2 To have a watch pass the certification, the movement must be sent to one of the COSC labs where it immediately goes through the following: tests the numbers engraved on the movement (in relation to the list supplied by the applicant), the movement is placed in a 5-slot clasp, the movement is wound according to the brand’s supplied guidelines, and the parts are placed in a temperature controlled enclosure for 12 hours at exactly 23°C.
Then, over the next 15 days, the parts of the wristwatch go through daily tests. Each day, the clocks and watches are measured and reassembled. At the end of that time period, the wristwatches are judged by seven different criteria: average daily rate, mean variation in rate, greatest variation in rate, the difference in rates in horizontal and vertical position, largest variation in rate, and variation in rate depending on temperature and rate resumption. If the watch passes these guidelines, it is officially awarded the certification.

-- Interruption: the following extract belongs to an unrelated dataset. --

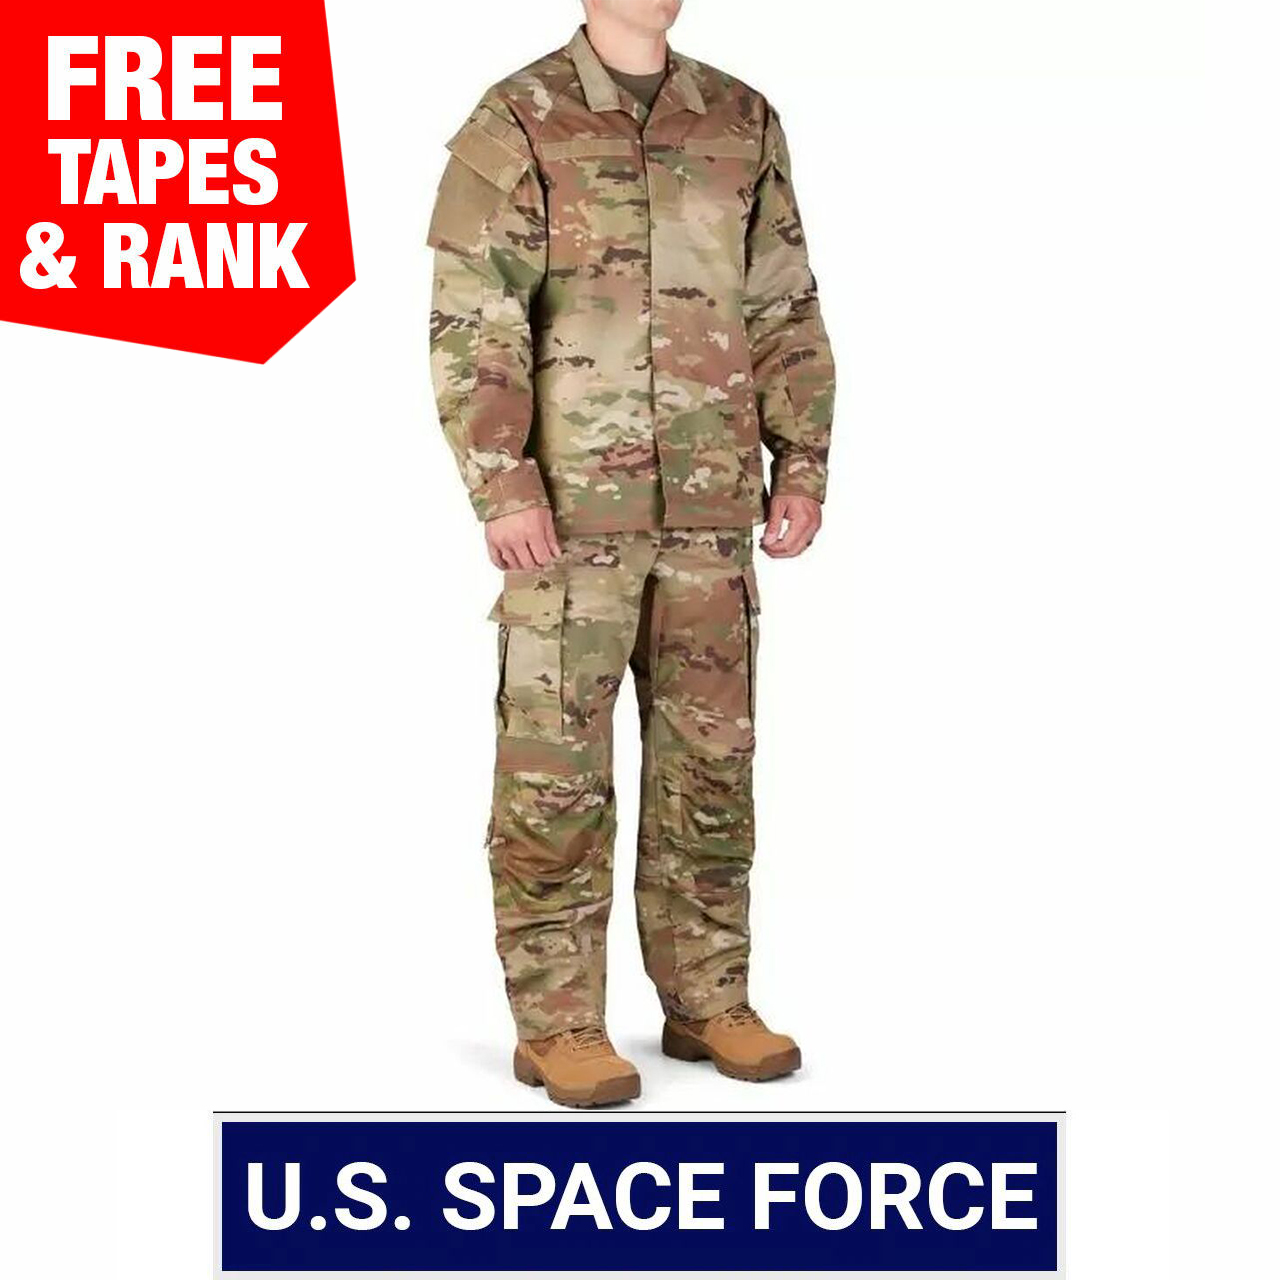 Space Force Duty Uniform (OCP)

3. The COSC doesn’t just measure mechanical wristwatches, they also measure pocket watches, fixed time devices such as onboard instruments and carriage clocks, and quartz timepieces. There is currently no international standard for measurement of a watch with a quartz oscillator, so the one used by the COSC is based on the same ISO 3159 standard used in their measurement of mechanical wristwatches.
4. Over 1.6 million watches are certified every single year, a figure that has grown substantially over the decades. In 1976, when the current iteration of the COSC was founded, only 200,000 watches passed the exam. Fast forward to the year 2000 and there were one million chronometers that completed the exam. Out of all watches exported from Switzerland, only 6 percent are COSC certified. Out of all mechanical Swiss watches that are exported, 21 per cent are COSC certified.
5. According to a report from 2015 — which is the last year that the COSC will publish the exact figures citing a request from the brands to protect their confidentiality — the three companies that receive the most COSC-certified timepieces aren’t all that surprising. Rolex is numero uno with 795,716 watches, Omega is second with 511,861, and Breitling is third with 147,917 total timepieces (28,499 of those are quartz models). Next up are two of the more accessible brands in the Swatch Group, Tissot (96,563) and Mido (49,962).
There’s a sharp drop off in total number for the rest of the top ten with Tudor (23,003), Chopard (16,107), Zenith (6,824), Panerai (6,262), and Bremont (5,860) rounding it out. Ball Watch Co. (5,031), Carl F. Bucherer (4,577), Titoni (4,146), Christopher Ward (3,362), and Ulysse Nardin (2,561) make up the next five. However, there is no way of updating these figures to see how the production of COSC certificates has changed in recent years.